Limitations & Future Work

  • Dependency on high-quality adversarial models: PISTOLE does not retrain but requires a good \(\theta_{rob}\) (defaulting to PMG). Merging quality is constrained by the upstream fine-tuning quality.
  • Vision-encoder centric: The method only merges task vectors for the CLIP vision tower; the text tower and downstream LLM remain frozen, limiting the trade-off space to the vision side.
  • Hyperparameter count: \(\kappa\), quantile \(q\), trajectory steps \(K\), radius \(\eta\), temperature \(\gamma\), and \(\lambda\) all need to be set. While it saves on retraining, the cost of mask construction and hyperparameter sensitivity is mainly detailed in the appendix rather than the main text.
  • First-order/Local Theory: Theorem 1 is a first-order bound and Theorem 2 is a small-\(\eta\) approximation, which may loosen under large displacements far from the fine-tuned solution.
  • vs. Adversarial Fine-Tuning (TeCoA / FARE / PMG / TGA): These methods trade clean accuracy for robustness through training; PISTOLE treats their outputs as off-the-shelf components for selective fusion without retraining, achieving higher Sum scores.
  • vs. Naive Merging (Task Arithmetic) / WiSE-FT: Naive merging weights all coordinates equally, resulting in a linear frontier; PISTOLE uses coordinate-wise reweighting via stability masks to create a "bent" frontier.
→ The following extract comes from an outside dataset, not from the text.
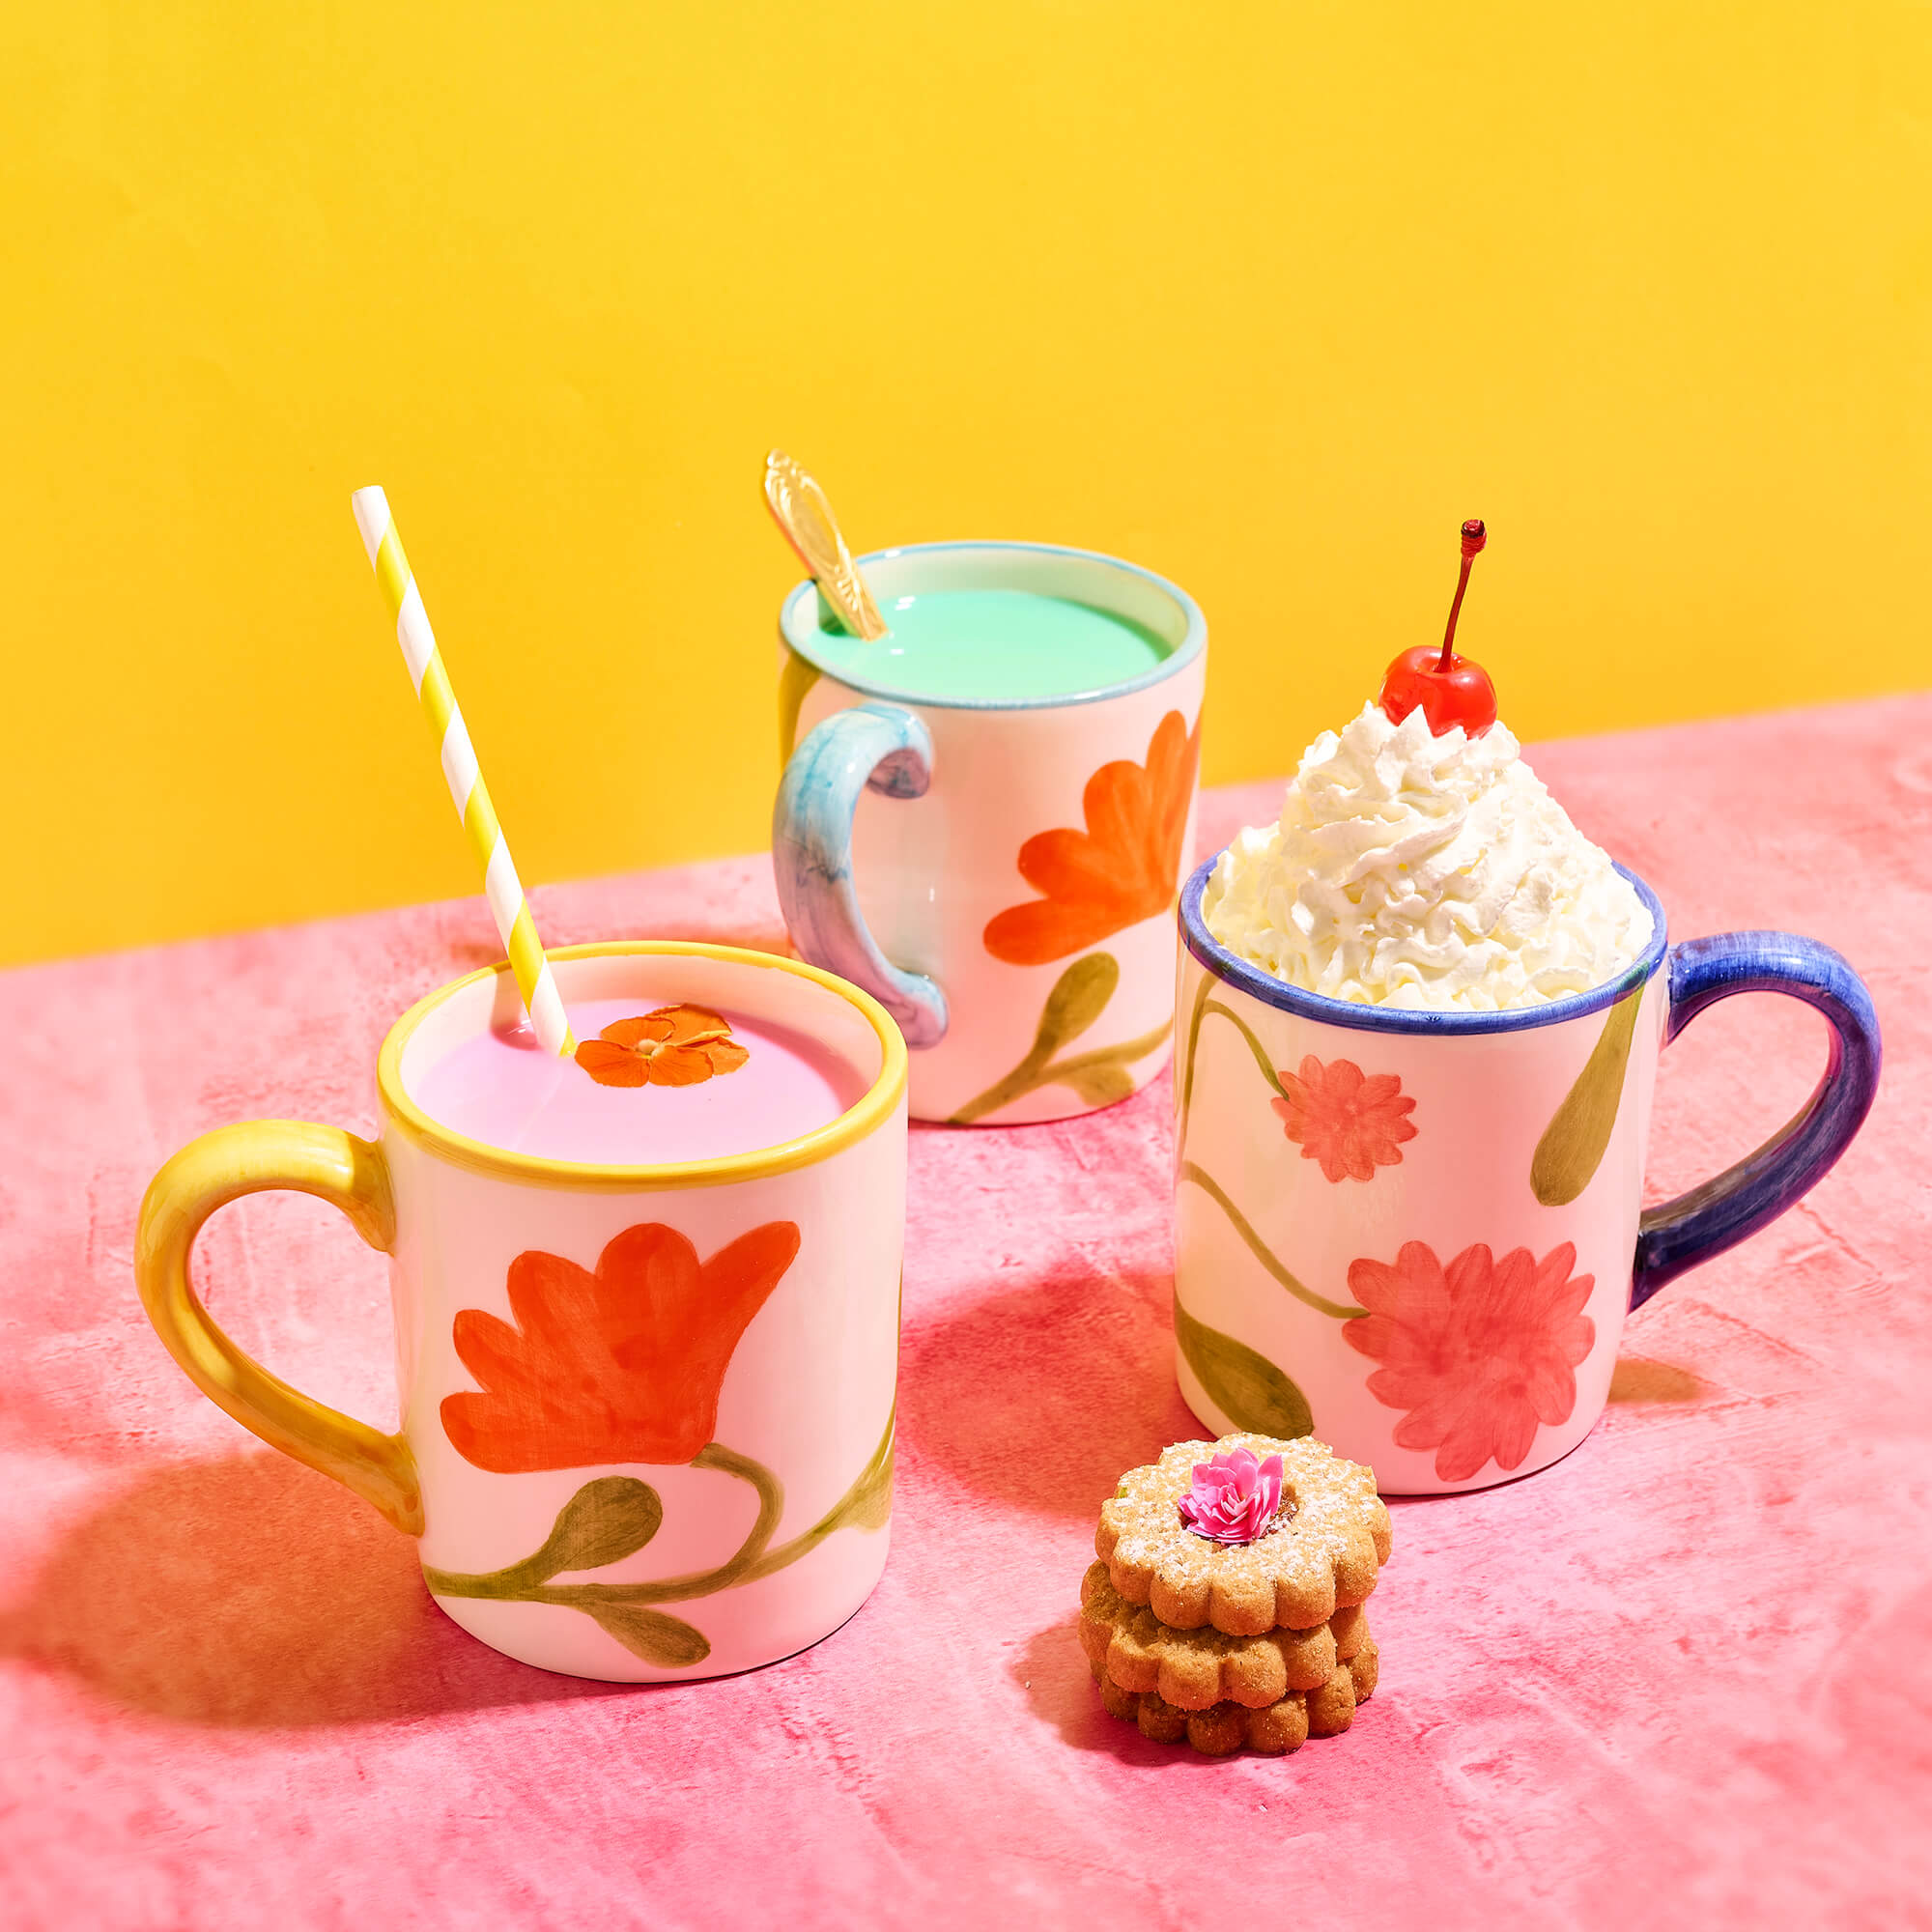 Our Perfect Cookie Mug Recipe

  • vs. Ties-Merging / AdaMerging: These also handle merging conflicts but rely on sign/magnitude cropping or learned coefficients, ignoring parameter-space perturbations and local loss geometry. PISTOLE differs by introducing adversarial trajectories and curvature-aware PCI.

Rating

  • Novelty: ⭐⭐⭐⭐⭐ First to apply task vector merging to the "clean vs. robust" conflict with a stability-curvature framework.
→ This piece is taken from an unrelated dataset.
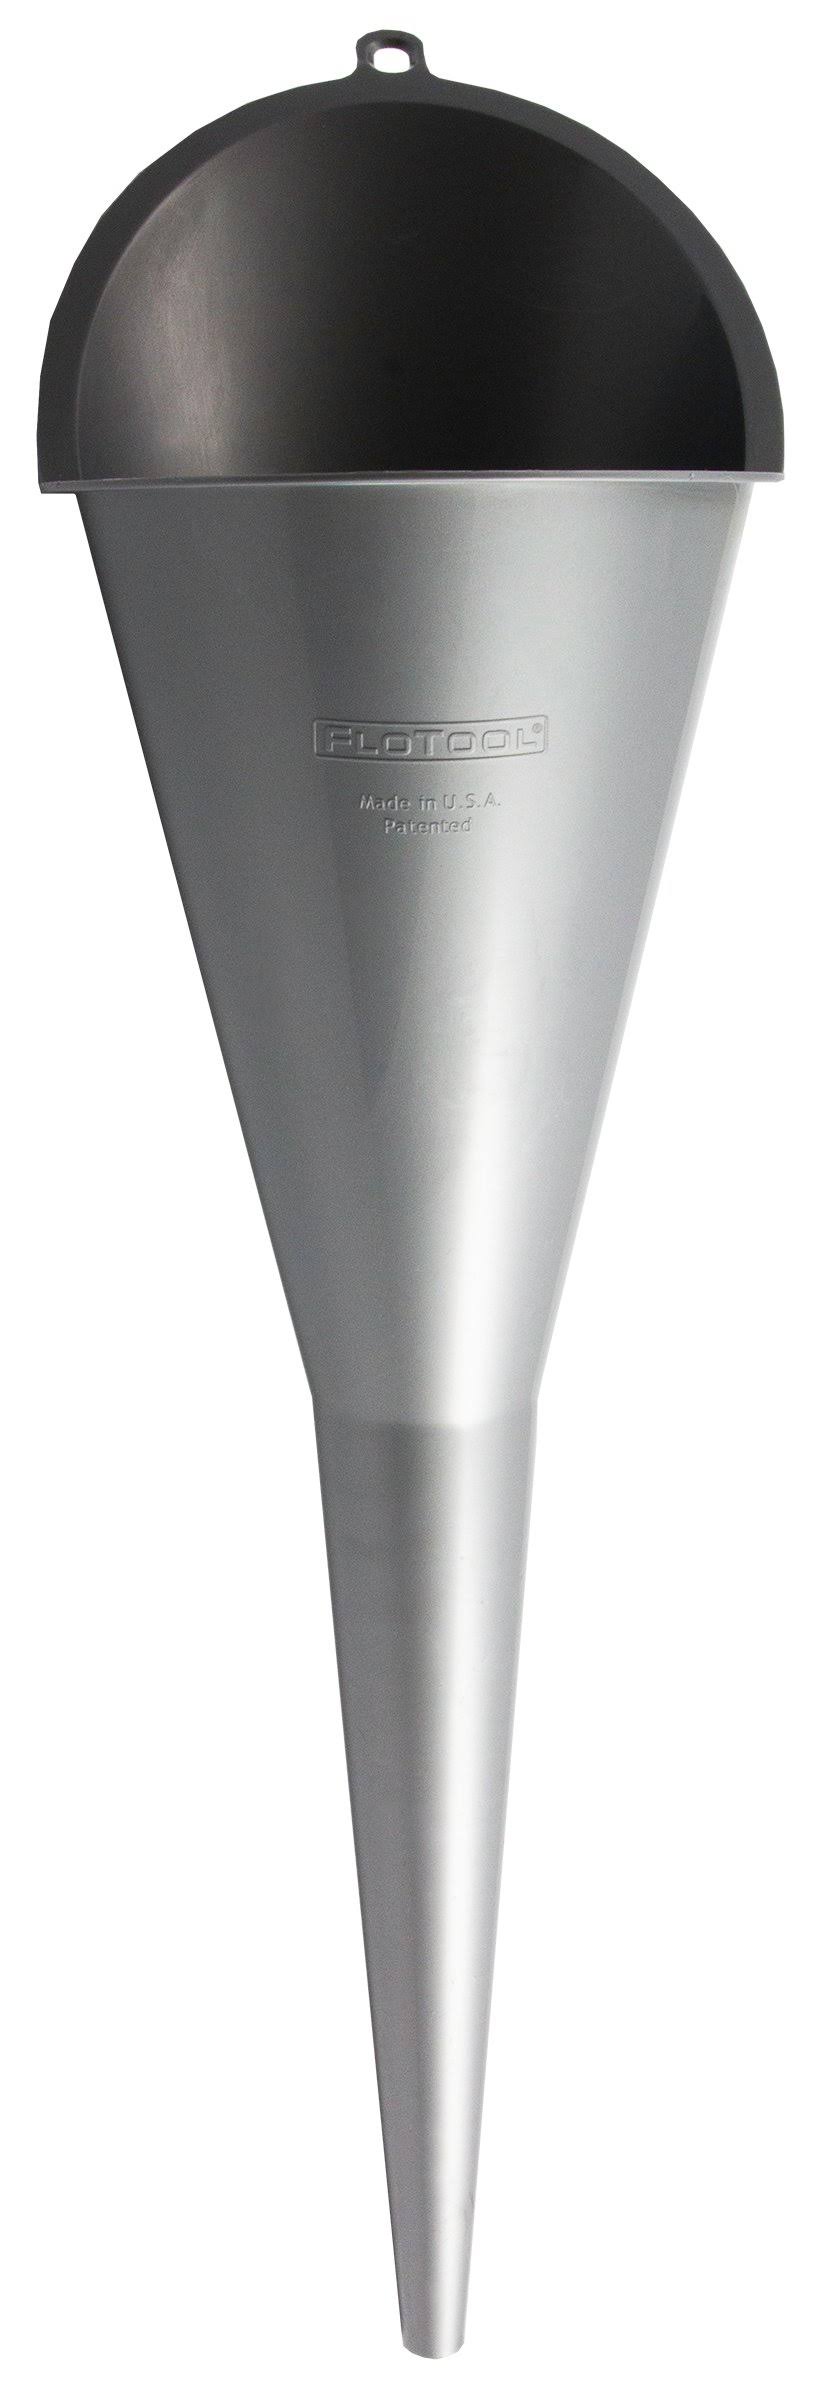 Hopkins FloTool 10712 Super Multi-purpose Funnel - Gray, 18cm

  • Experimental Thoroughness: ⭐⭐⭐⭐⭐ 14 datasets, multiple backbones, radii, LoRA settings, 4 types of downstream transfer, and detailed curvature analysis.
  • Writing Quality: ⭐⭐⭐⭐ Motives and theory are clear, though notation and mask details are dense; some hyperparameter analysis is relegated to the appendix.
  • Value: ⭐⭐⭐⭐⭐ Training-free, plug-and-play, and transferable to downstream tasks, making it highly practical for deployment.